House-keeping and tissue-enriched genes

The transcriptomic data allowed creation of two relevant subsets of genes: House-keeping (HKg) and Tissue-enriched (TEg) genes. Figure 2a shows the number of genes expressed, with FPKM equal or higher than 1, per number of tissues. This calculation allowed the identification of 8961 ubiquitous genes present in at least one replicate of all tissues, and 7668 genes expressed in all the 116 samples (i.e. in all the biological replicates of all tissues). The intersection of these 7668 genes with a curated dataset of 3804 house-keeping genes created by Eisenberg et al. [28] gave a total of 3524 HKg (Fig. 2c), indicating a large overlap of 93 %. To identify how relevant was this, we calculated the odds ratio (OR) of such overlap and obtained a very significant value of OR = 32.09 (with 95 % confidence interval, CI, of the OR = 28.27–36.43). For the tissue-enriched genes we explored the other side of the data in Fig. 2a and considered just the genes that were expressed in only one, two or three tissues (2459 genes). We did not take only one, but also two or three tissues, because some tissues are physiologically very related and in fact presented high correlation between them, for example: colon and rectum; small intestine and duodenum, etc. These observations indicated that such tissues share a large number of common genes in their expression profile. Finally, a global comparison of the expression distributions of HKg versus TEg indicated that the Tissue-enriched genes showed significantly lower expression values than the House-keeping genes (Fig. 2b). To demonstrate this difference, we made two statistical tests, t-test and Wilcoxon. In both cases, the p-values were very low (p-value < 1e-10) and the difference between the mean expressions of TEg and HKg was 1.61 (in the log2 scale). Thus, we can conclude that this difference is not by chance but due to a real different expression regulation that should be considered in further analyses. These boxplots also show that the global variability of TEg (which presents values below 1 and above 12 in the log2 scale) was larger than the global variability of HKg. This observation indicates that the TEg present a larger range of expression values along different tissues and the HKg have a tighter regulation.

Fig. 2
figure 2

Number of genes expressed along 32 tissues derived from RNA-Seq transcriptomic data. a Plot showing the number of genes expressed, with FPKM equal or higher than 1, per number of tissues.
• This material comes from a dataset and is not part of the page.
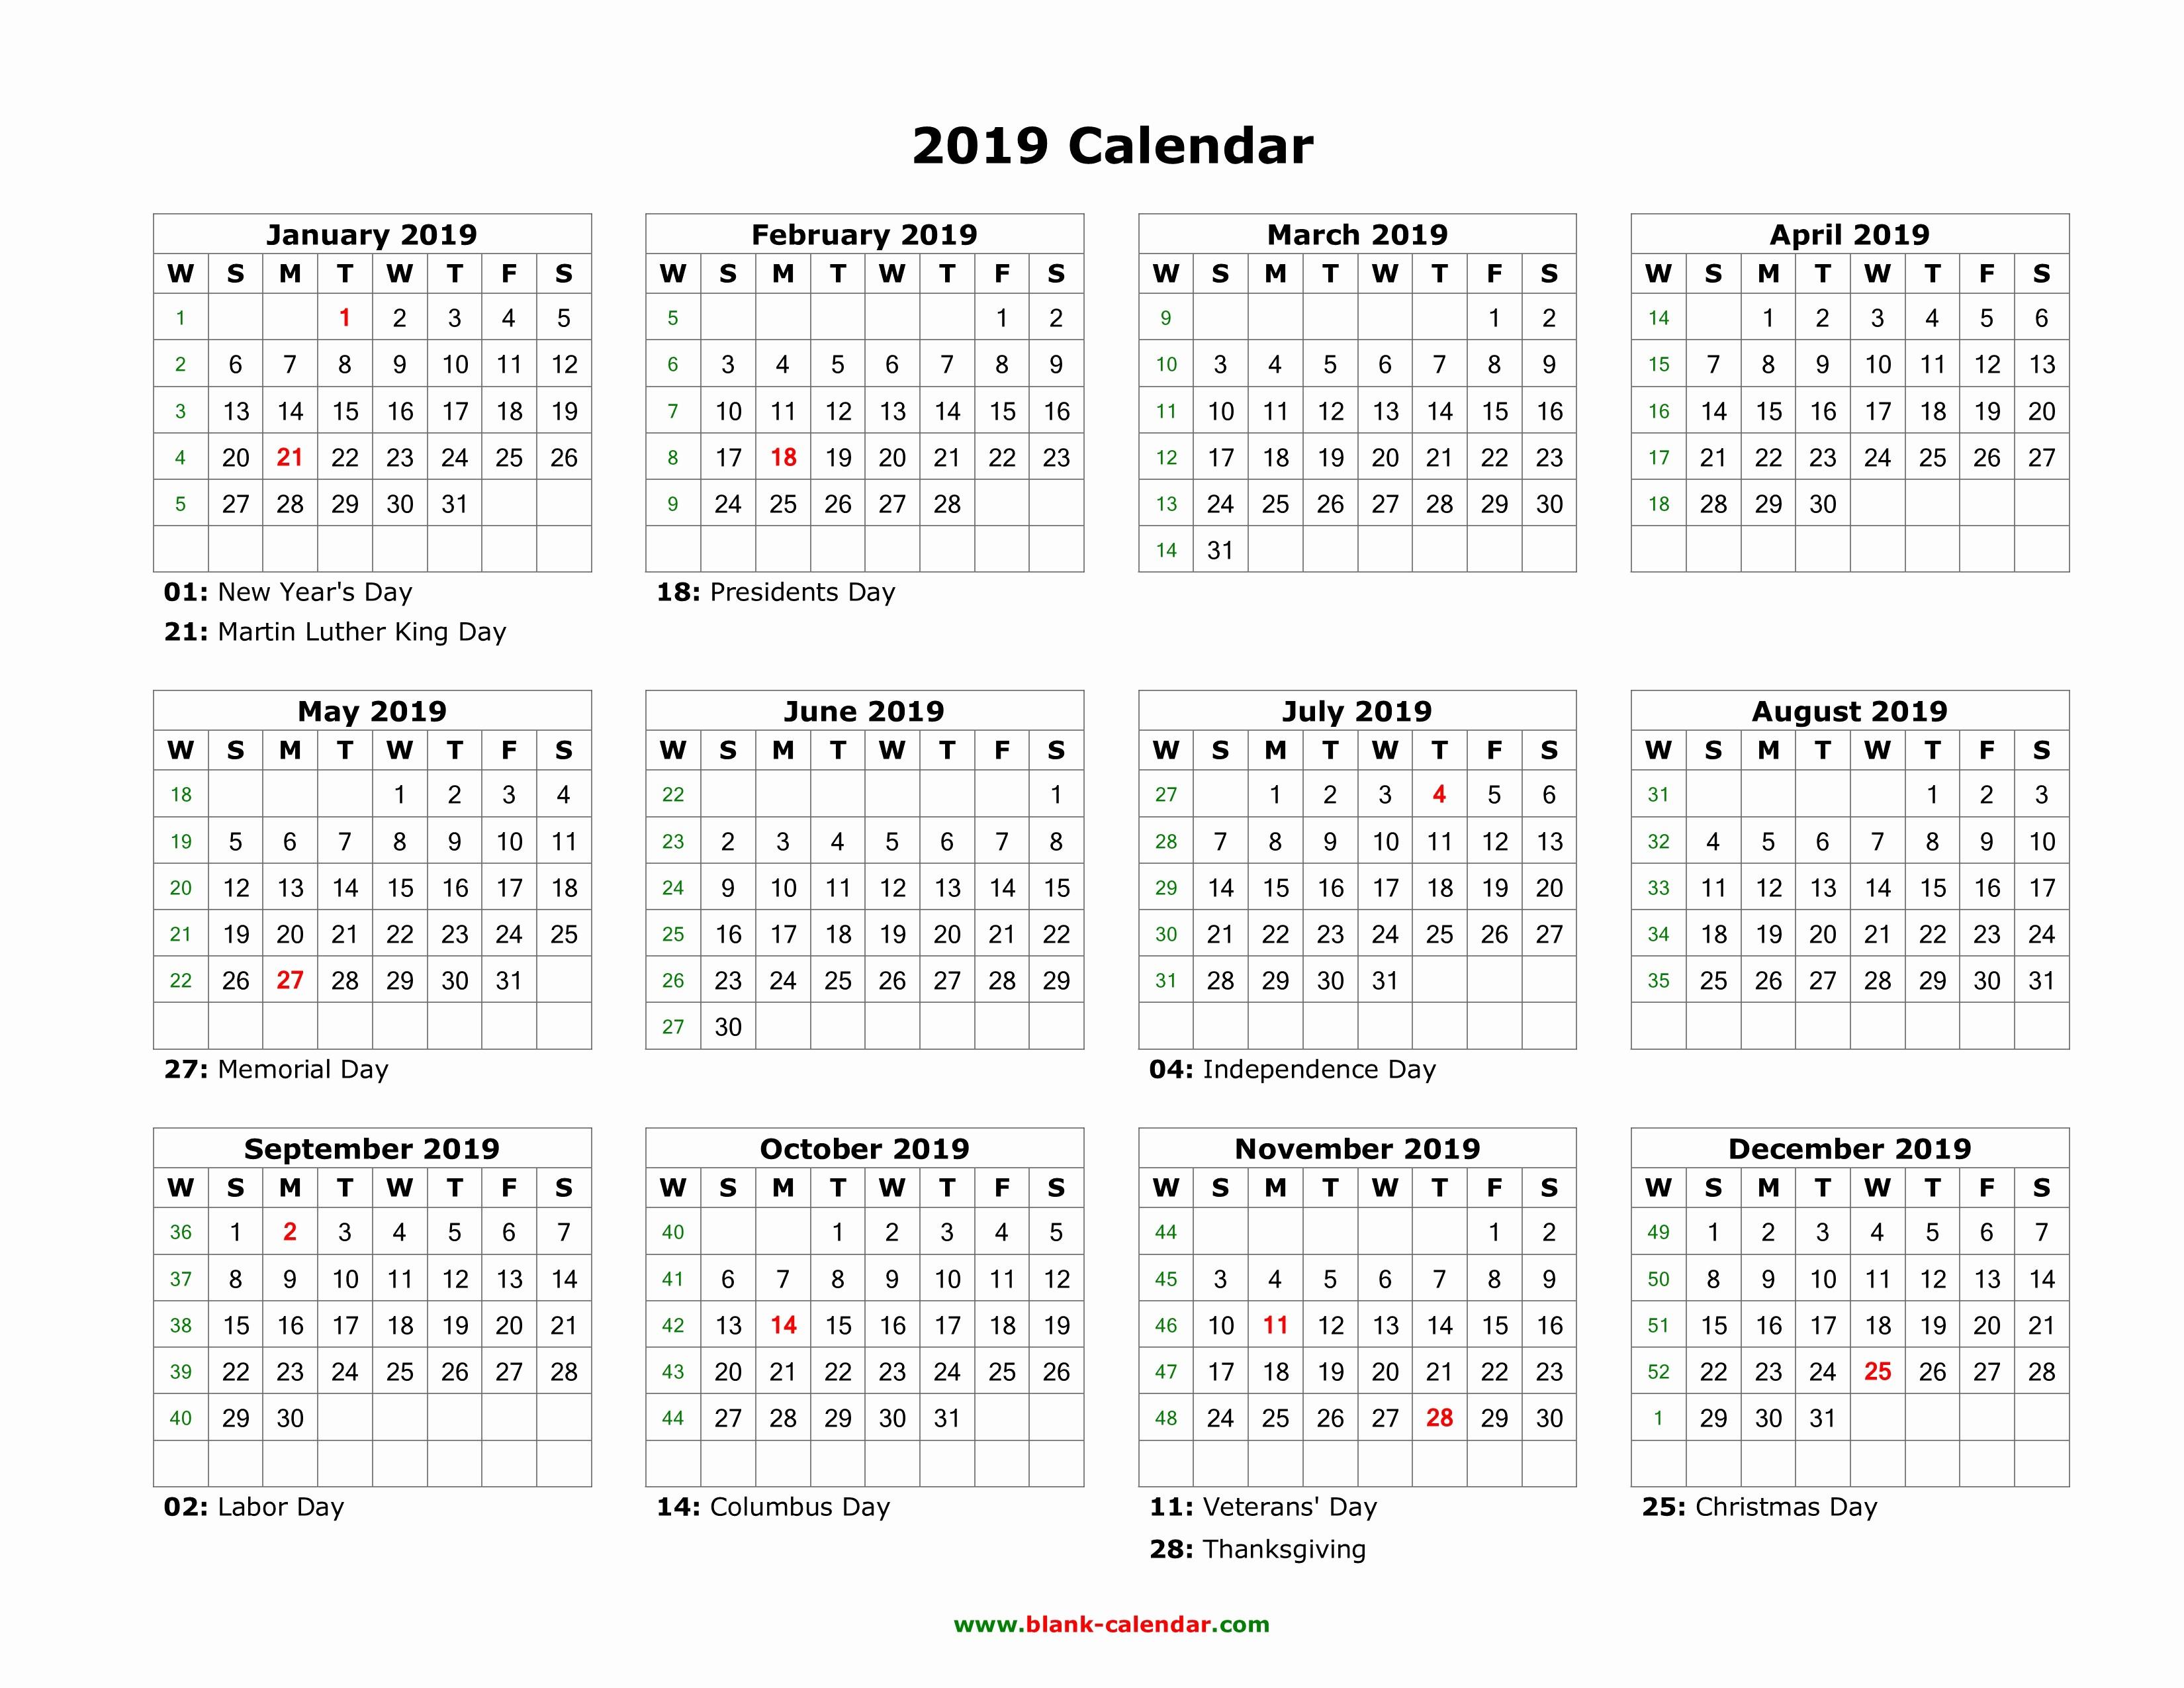 2019 Word Calendar with Holidays Inspirational Download Blank Calendar 2019 with Us Holidays 12 Months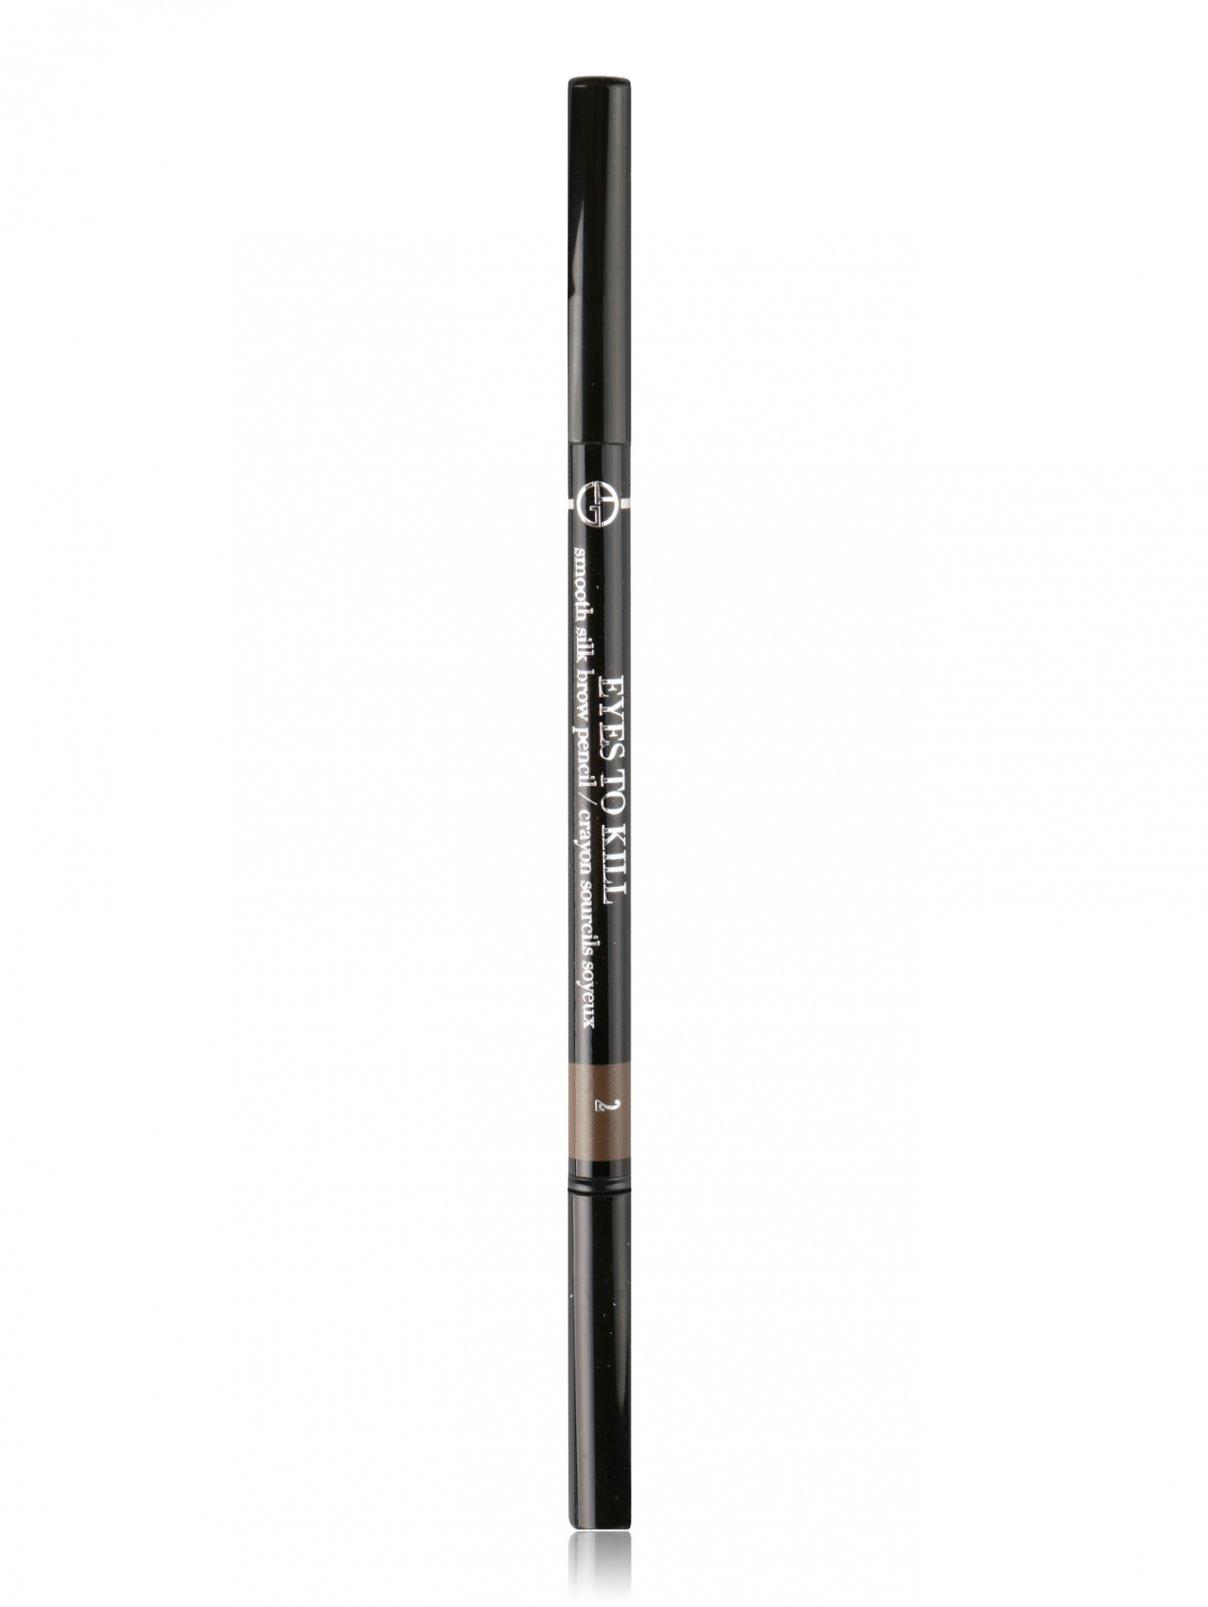 Карандаш для бровей оттенок - 2 SMOOTH SILK Giorgio Armani  –  Общий вид

The house-keeping genes are labeled as HKg and tissue-enriched genes as TEg. b Comparison of the expression distributions of HKg versus TEg. c Venn diagrams showing the intersection of 7668 genes (expressed in all the biological replicates of all tissues) with the dataset of 3804 house-keeping genes obtained from Eisenberg and Levanon (2013) [28]

Human gene hallmarks on the evolutionary time-scale

For the evolutionary analysis, we used a phylostratigraphic method for reconstruction of macro-evolutionary trends based on the principle of “founder gene” formation [10]. Typically, these methods first identify the homologues of a given gene and then use the divergence between the two most distant to determine the gene age. Historically, such studies have been using BLAST [29] for homology searches. However, this approach was shown to introduce some biases into the analyses [30, 31]. Another approach is to use orthologous groups to determine the age of a gene. Orthologues are believed to be functionally more similar than paralogues [32] and by definition they trace back to an ancestral gene that was present in a common ancestor of the compared species [33]. The parameters used for clustering orthologous groups affect the age estimations for a gene; for example, restrictive parameters tend to limit the set of possible progenitors [9]. Nevertheless, both approaches used for dating the gene origin depend on the correct identification of homologues and/or orthologues, but in the second case the accurate reconstruction of orthologous families imposes a higher stringency and it implies a conservation along the evolutionary clades.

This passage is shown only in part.